▶ **Task instructions**: An exact copy of all the data below is needed, without its pictures.

▶ **Provided data**:
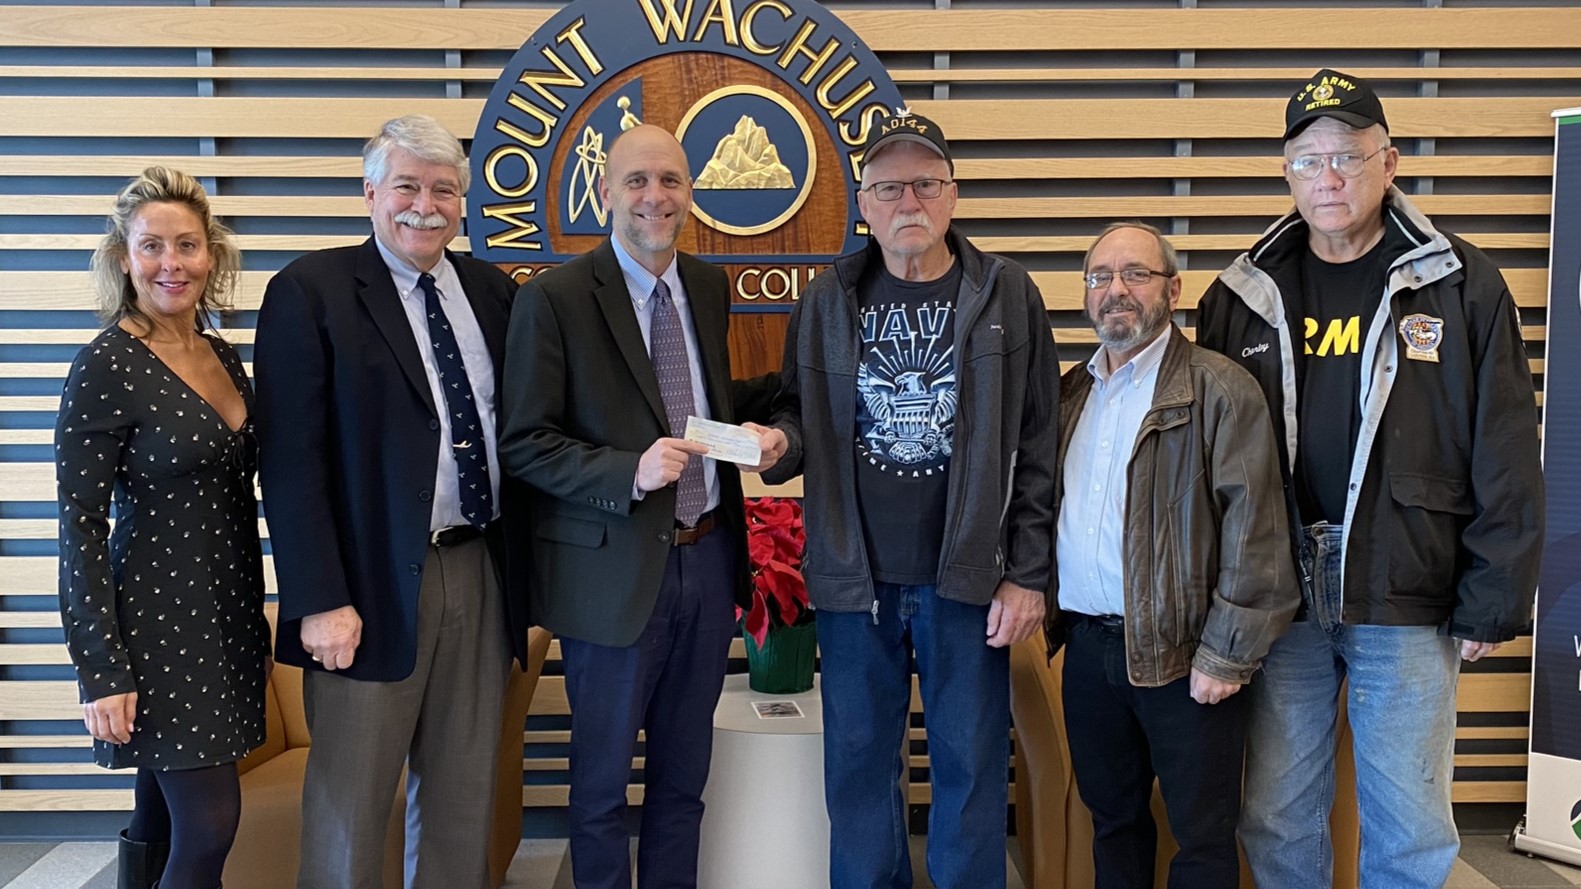 Vietnam veterans deliver donation to MWCC Foundation
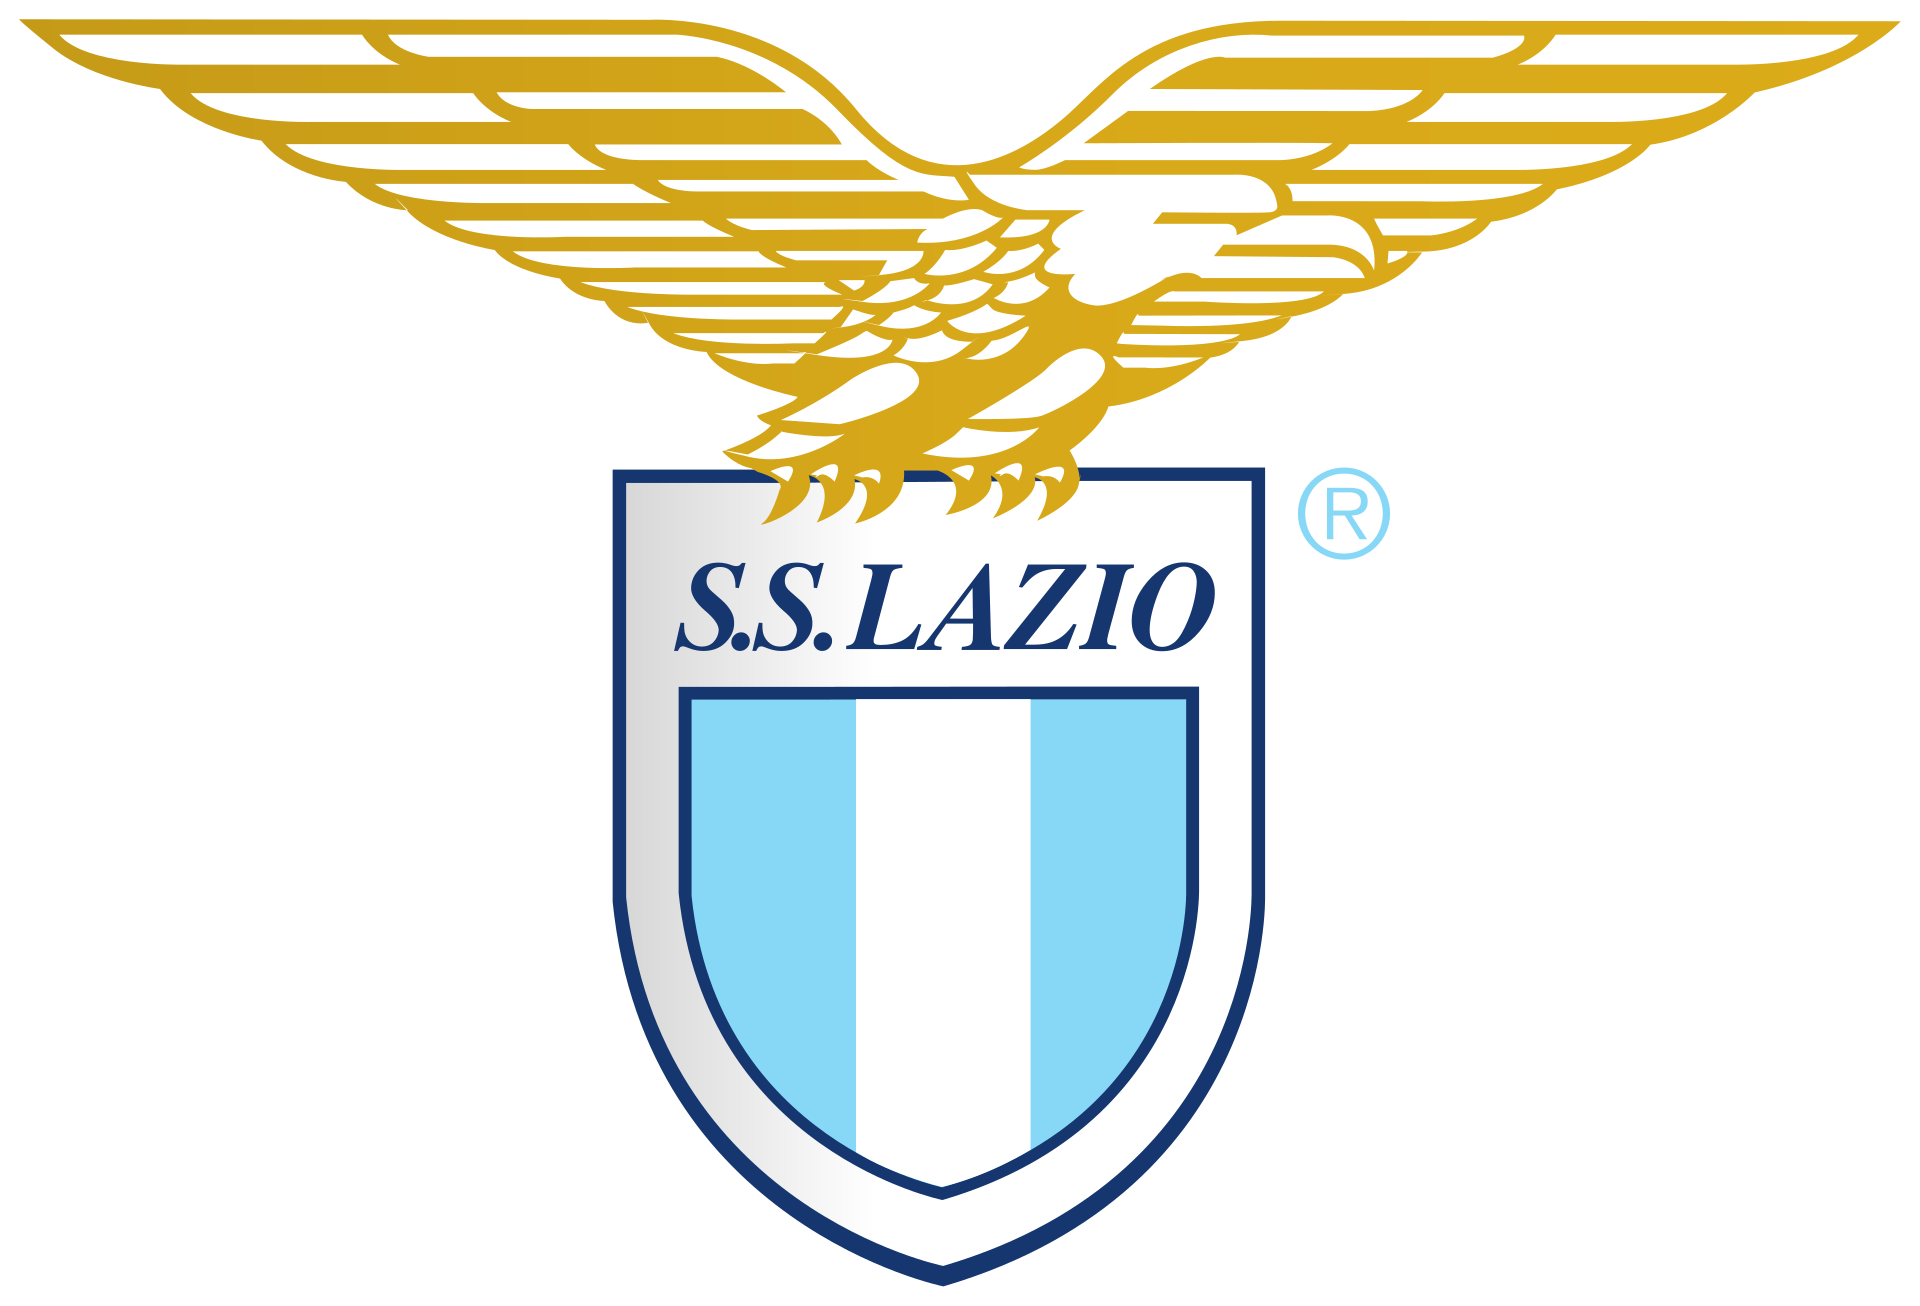 S.S. Lazio - Wikipedia bahasa Indonesia, ensiklopedia bebas
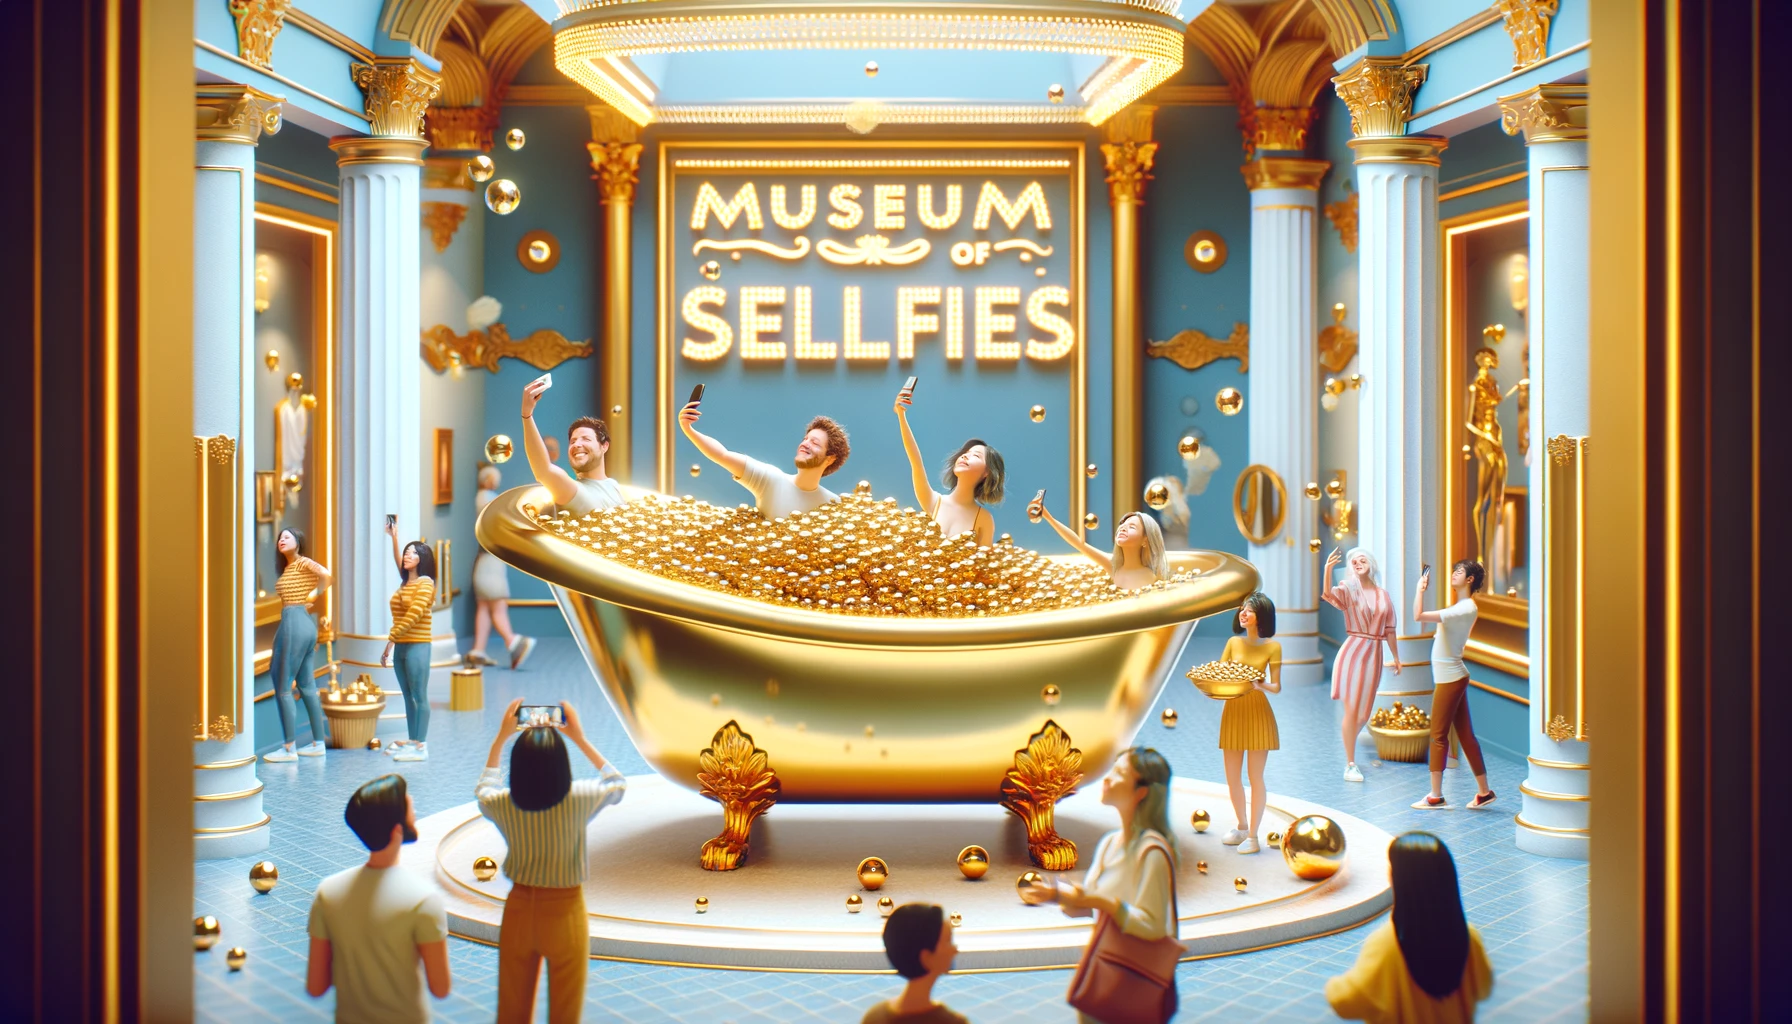 Image depicting a dynamic scene inside the Museum of Selfies in Las Vegas, focused on the golden bathtub exhibit

▶ **Problem solution**:
 Vietnam veterans deliver donation to MWCC Foundation
 S.S. Lazio - Wikipedia bahasa Indonesia, ensiklopedia bebas
 Image depicting a dynamic scene inside the Museum of Selfies in Las Vegas, focused on the golden bathtub exhibit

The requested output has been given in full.